By the fall of 1963, relations between the Soviet Union and the People's Republic of China had seriously deteriorated. The Sino-Soviet friendship of the 1950s was a thing of the past, and no longer did strains of "The Russian and the Chinese are brothers forever. The union of peoples and races grows strong" resound across the Soviet Union.
Perhaps Mao Zedong really did not see the point of Khrushchev's criticism of Stalin, or perhaps, as he later claimed, he was just pretending, to see how his adversaries would react. In any event, soon after the 20th Soviet Communist Party Congress in 1956, all the "fraternal communist parties" were supporting the new policy and exposing Stalin's "cult of personality," and China was proclaiming "Let a hundred flowers bloom." But before long, any ideologically incorrect flowers started to be pulled out by their roots in China, and in 1958 the horrors of the Great Leap Forward began.

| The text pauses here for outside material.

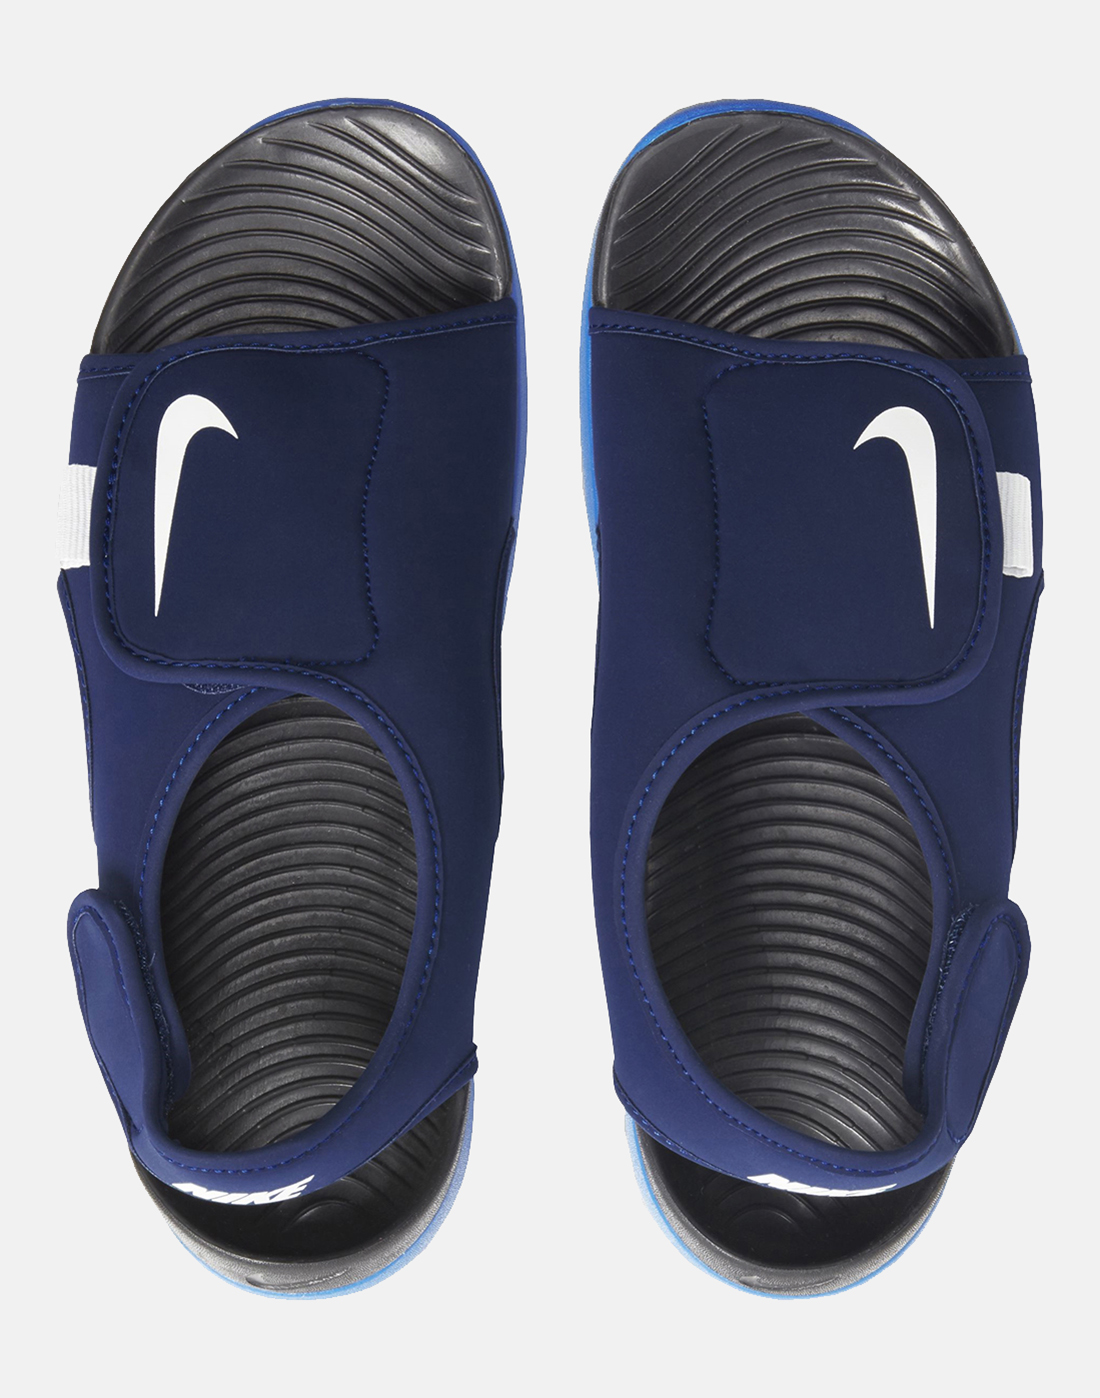 Nike Younger Kids Sunray Sandals - Blue | Life Style Sports IE
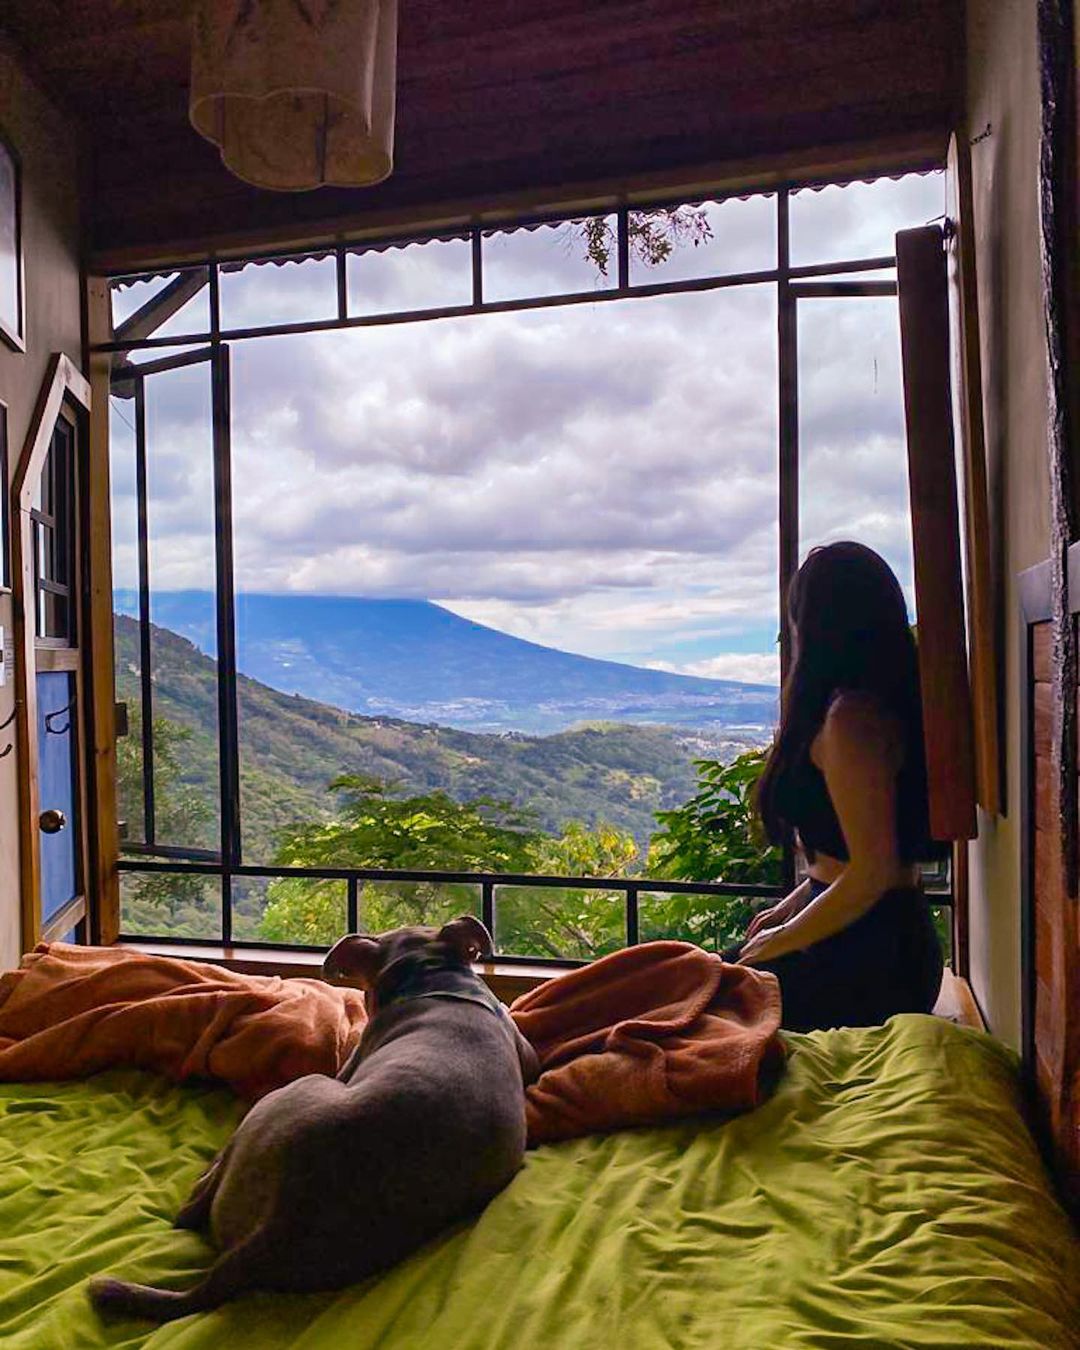 A woman and a dog relaxing and taking in the view outside the window from a room in Earth Lodge

Backyard furnaces were set up outside residential buildings, supposedly to produce steel out of scrap metal, and people were posted on the roofs of buildings round the clock to swat away sparrows with sticks and rags as part of the Four Pests Campaign. In the end, with nowhere to land, more than a million birds died of exhaustion, but instead of leading to the expected boost in crop yield, the harvest was reduced because of swarming insects unchecked by their natural avian predators. Millions of Chinese starved to death.